I usually carry a single cell, usually 1 RCR123, light, like the Nitecore IFE1 I am carrying today, in my jeans watch pocket....

How about. You?


----------



## Ri22o (Apr 28, 2011)

I carry a Nitecore EX10 with pocket clip, clipped inside my left hand pocket. I just picked up a Quark Turbo X, and haven't quite figured out how I am going to carry it yet.


----------



## lasermax (Apr 28, 2011)

I carry a e1b surefire in my shirt pocket and my lx2 or e2dl in my nite ize pouch


----------



## JS_280 (Apr 29, 2011)

I wear LA Police Gear's "Operator" pants which have front "suit pockets". I carry a Quark AA Tactical in the front left "suit" pocket and either a QMiniX 123 or a ZL H51Fw in my right front pocket. I also carry a Quark AA^2 Tactical in my EDC trauma kit and Innova Microlight on my keys.


----------



## herosemblem (Apr 29, 2011)

My 2-celled primary EDC light (LX2/PT2L) is clipped in my left pocket. My 1-celled backup EDC light (E1B/PT1L/Storm) is clipped in my right pocket.


----------



## mvyrmnd (Apr 29, 2011)

Solarforce L2p, with a Kerberos Triple High-CRI Dropin, in my left pocket with my keys and Leatherman Skeletool. Gets roughed up real quick in there.


----------



## Roger999 (Apr 29, 2011)

Night time carry = E1E clipped to pocket and G3 on V70 holster.

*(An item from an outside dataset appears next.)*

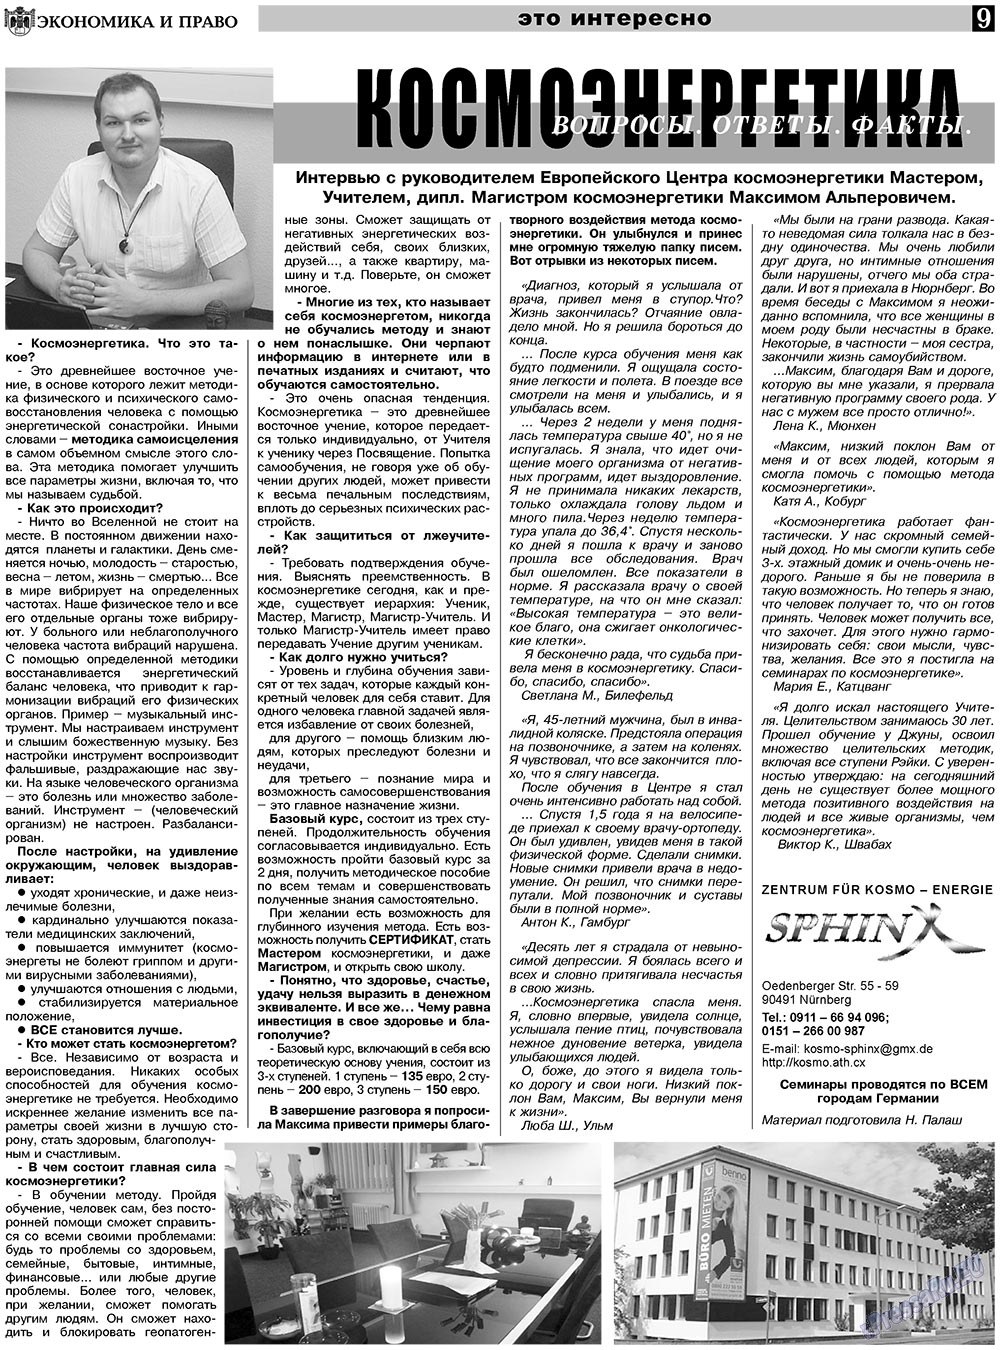 Ekonomika i pravo (Zeitung). 2011 Jahr, Ausgabe 1, Seite 9

Daytime carry = Surefire C2/G2 in pocket.


----------



## Xacto (Apr 29, 2011)

Surefire V21 pouch at the belt for one of the 6P or the G2, a Surefire Z2 in the vest pocket.

Cheers
Thorsten


----------



## jhc37013 (Apr 29, 2011)

HDS 200 in left pocket (deep carry no clip)
PD30 or P20C2 MKII holstered on belt left side (weak side)
Fenix E05 XPG on keychain
Benchmade 551 clipped right pocket
Kahr P9 in Safariland paddle holster right side

Thats what I EDC everyday along with my phone inside my carpenters pants pocket and wallet in rear pocket.


----------



## Ishango (Apr 29, 2011)

I usually carry a CR123A or AA light in my right front jeans pocket. Mostly my Clicky 120E, or my SC51w or Quark Mini AA or Mini 123 S2.

I also often carry a AAA light in my jeans watch pocket (either a E05 or iTP A3 EOS upgrade). Then I've also got a Photon MicroLight II and E01 on my keychain.


----------



## slimshaneee (Apr 30, 2011)

I keep a 4sevens minix on my keychain, dangling from a beltloop.


----------



## shao.fu.tzer (Apr 30, 2011)

5th pocket - Jeans.... Or sometimes if I'm going 3P sized, I'll clip it to my left front pocket...


----------



## parnass (Apr 30, 2011)

EDC light usually carried in a shirt pocket -- occasionally in a belt holster.

Spare battery for EDC light in back pants pocket.

A 1xAAA backup light always in the pants watch pocket.
Coin cell light hangs on jacket zipper.


----------



## ScottG (Apr 30, 2011)

HDS Rotary or 4Sevens MiNiX in left front pocket deep carry and a Fenix LD01 or E01 on a keychain - depending on the vehicle that day.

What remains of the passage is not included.